AIM OF THE TASK:
Please, from the entries below, transcribe exactly the lines that begin at the line with "Men Beige Solid" and end at the line with "Bowl of red bean hummus with roasted garlic", without the pictures.

PROVIDED MATERIAL:
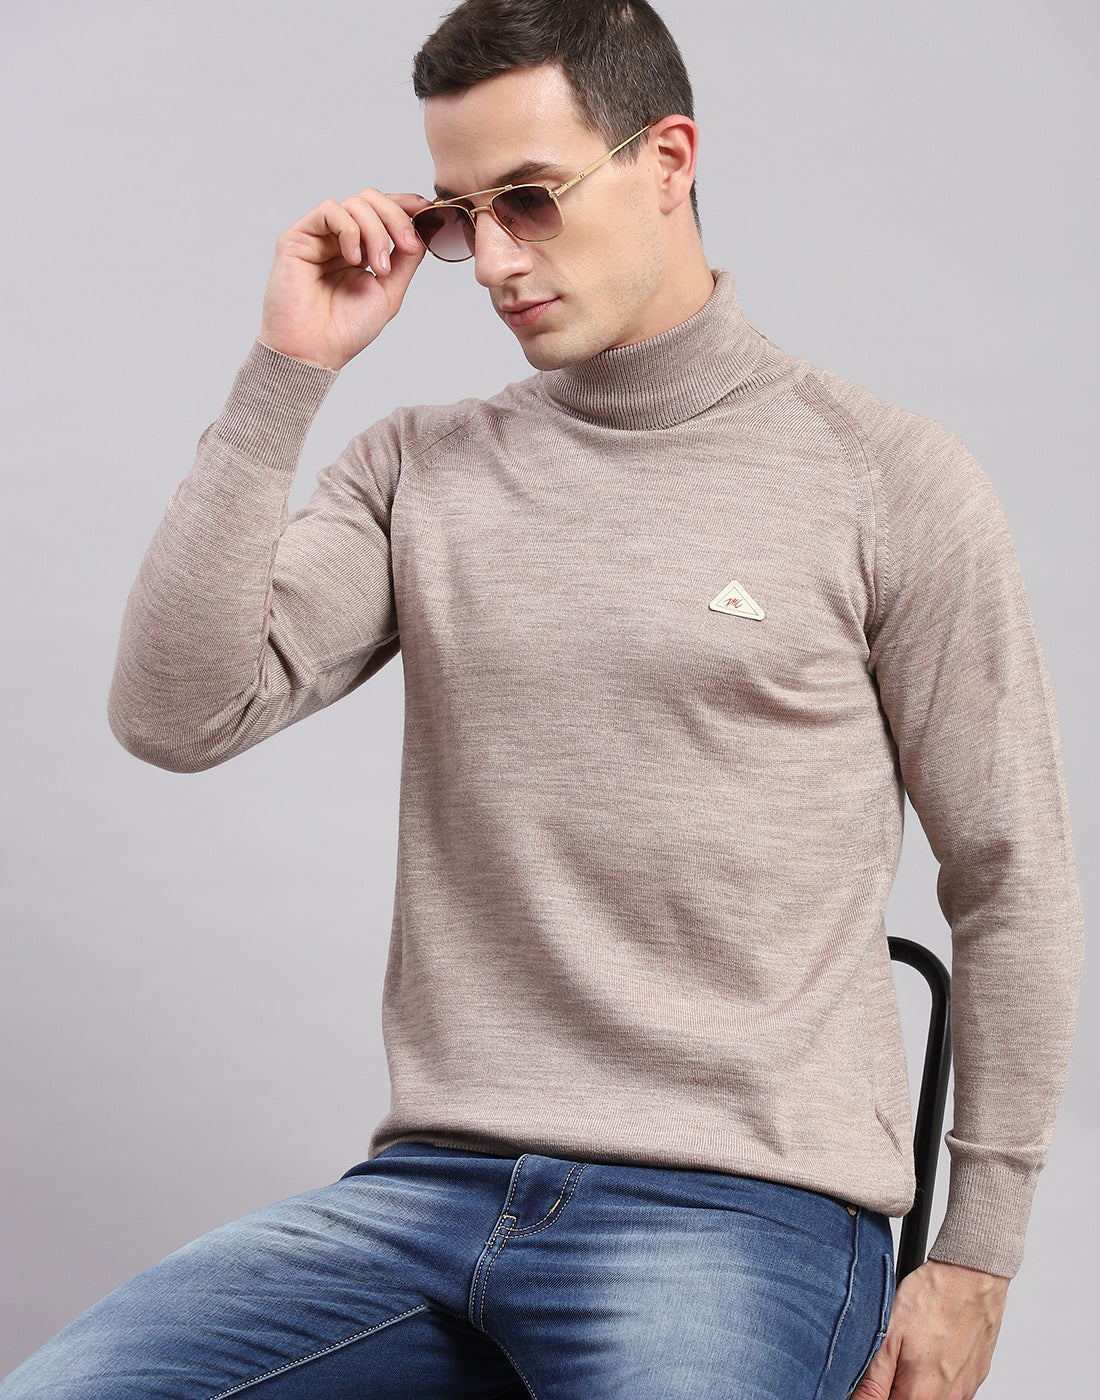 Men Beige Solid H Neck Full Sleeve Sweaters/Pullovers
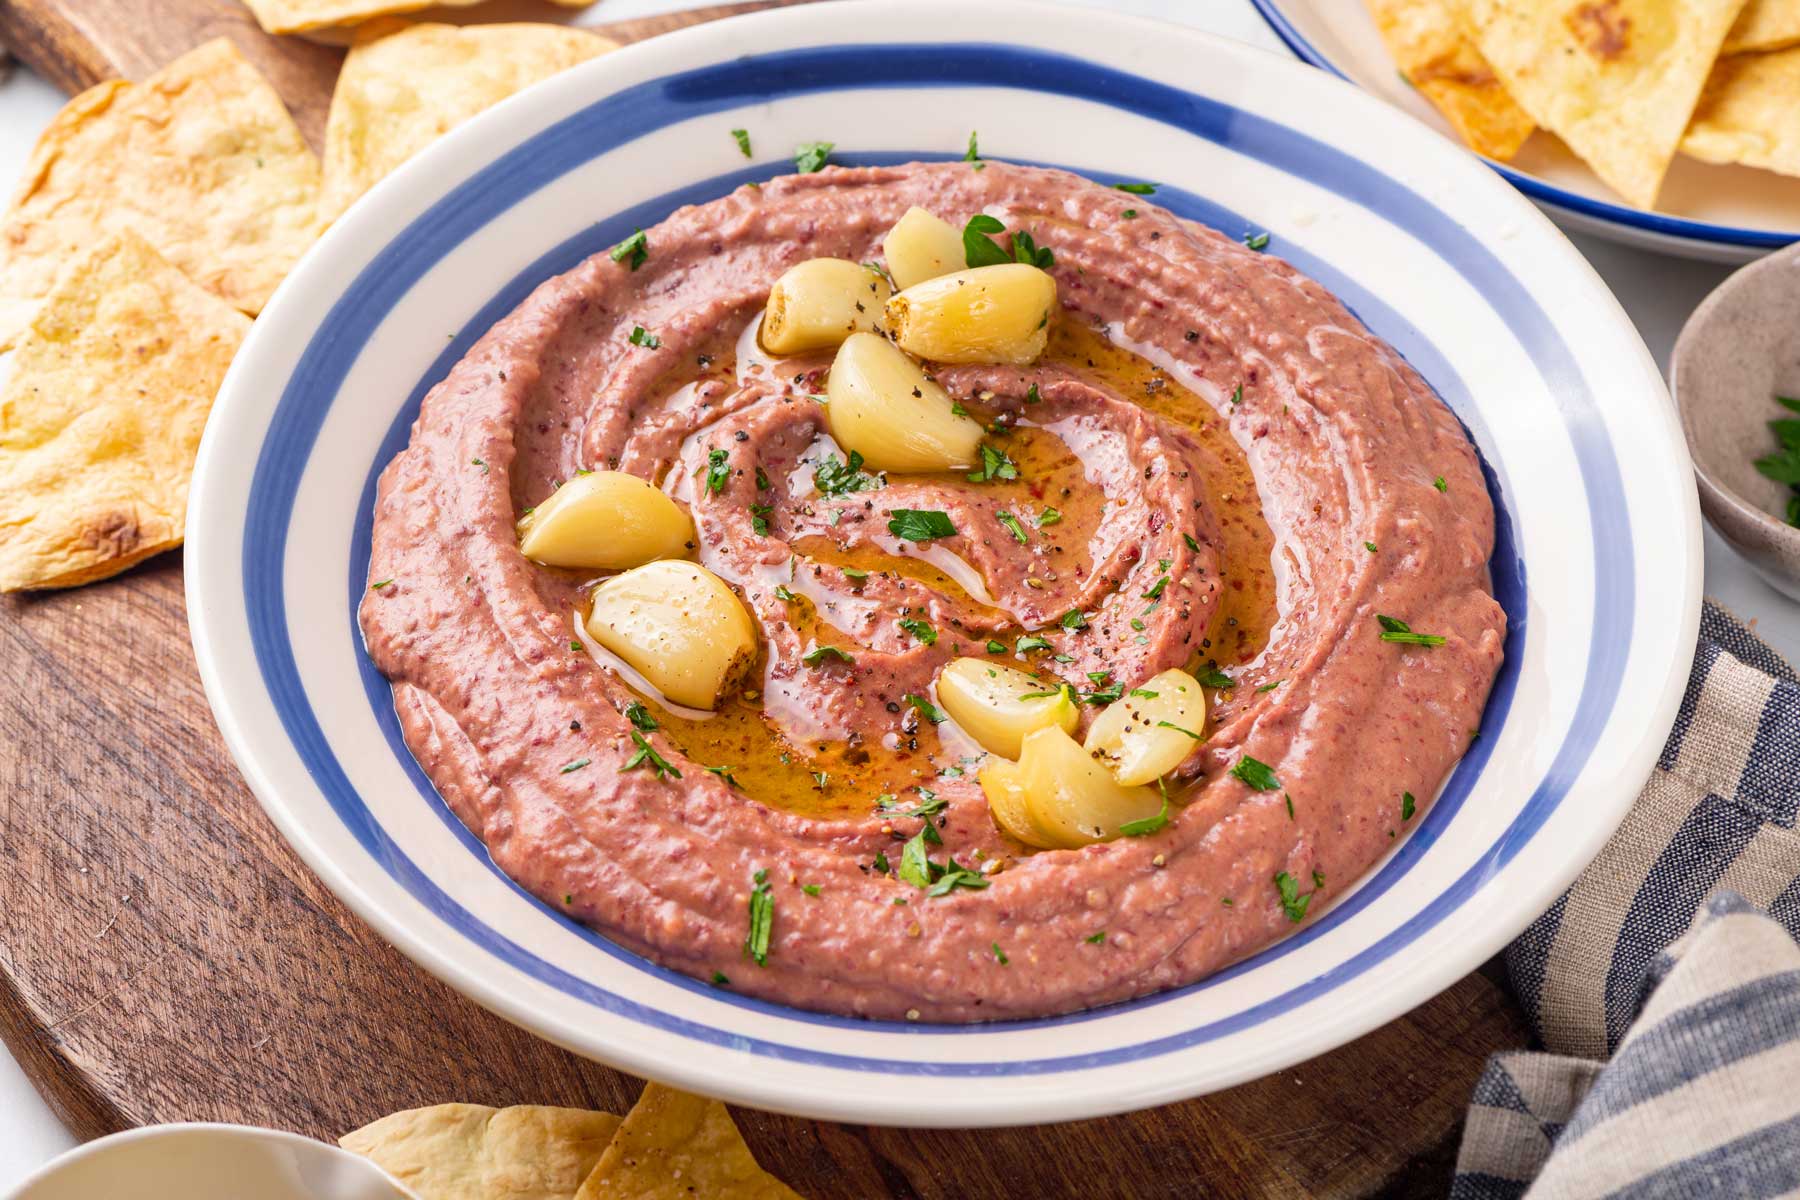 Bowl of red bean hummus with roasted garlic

--

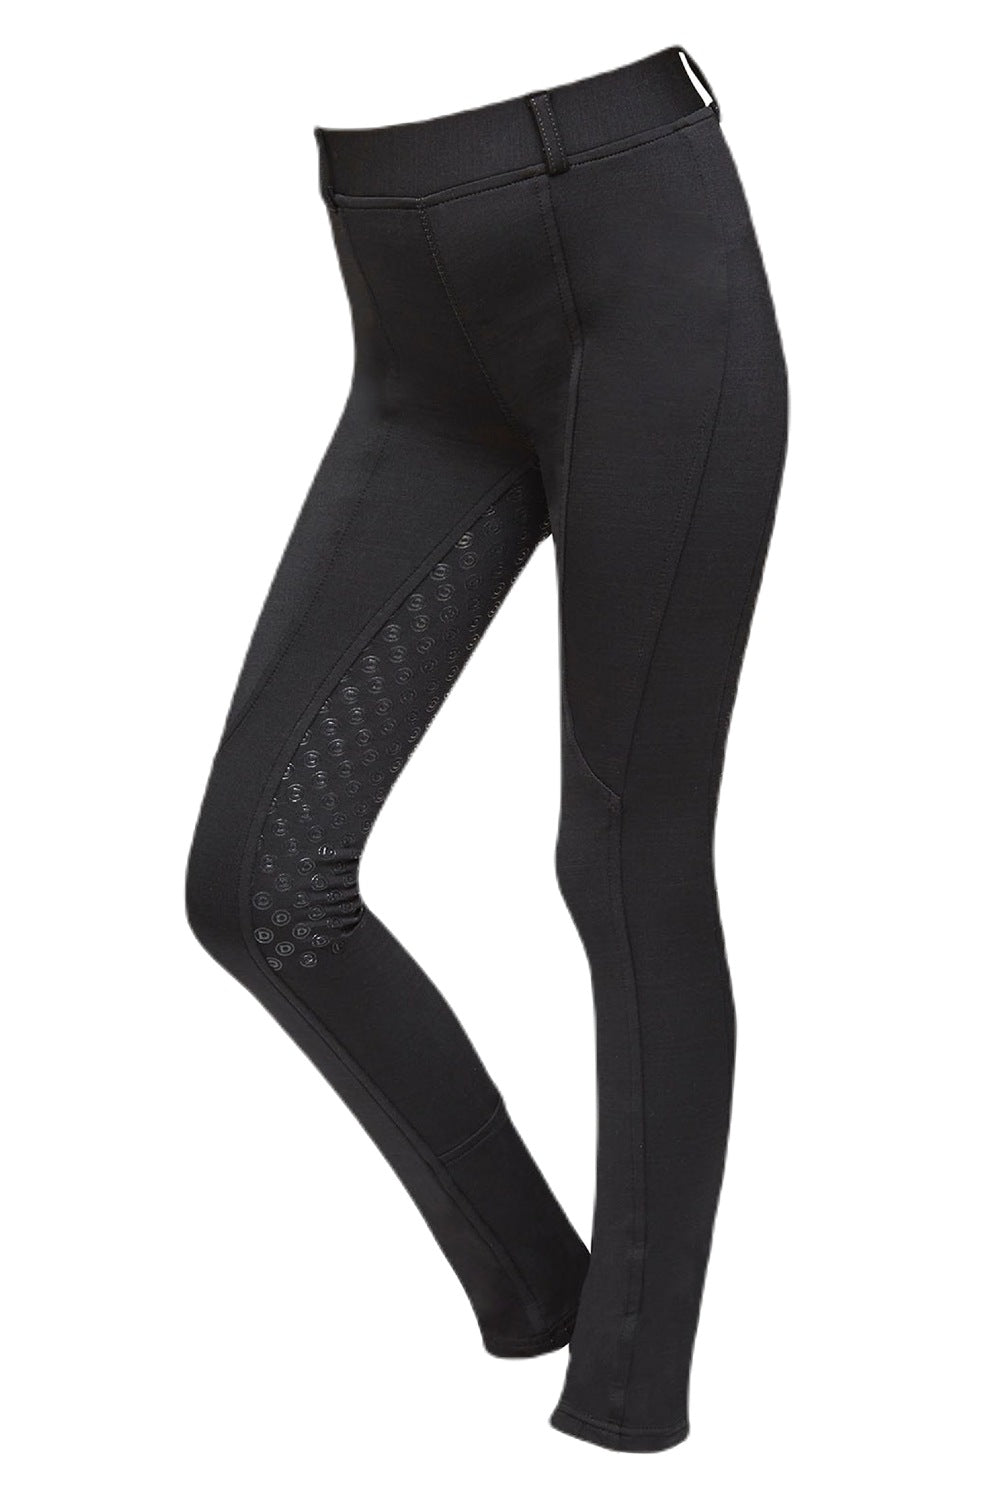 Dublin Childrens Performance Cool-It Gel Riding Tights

OUTPUT BELOW:
 Men Beige Solid H Neck Full Sleeve Sweaters/Pullovers
 Bowl of red bean hummus with roasted garlic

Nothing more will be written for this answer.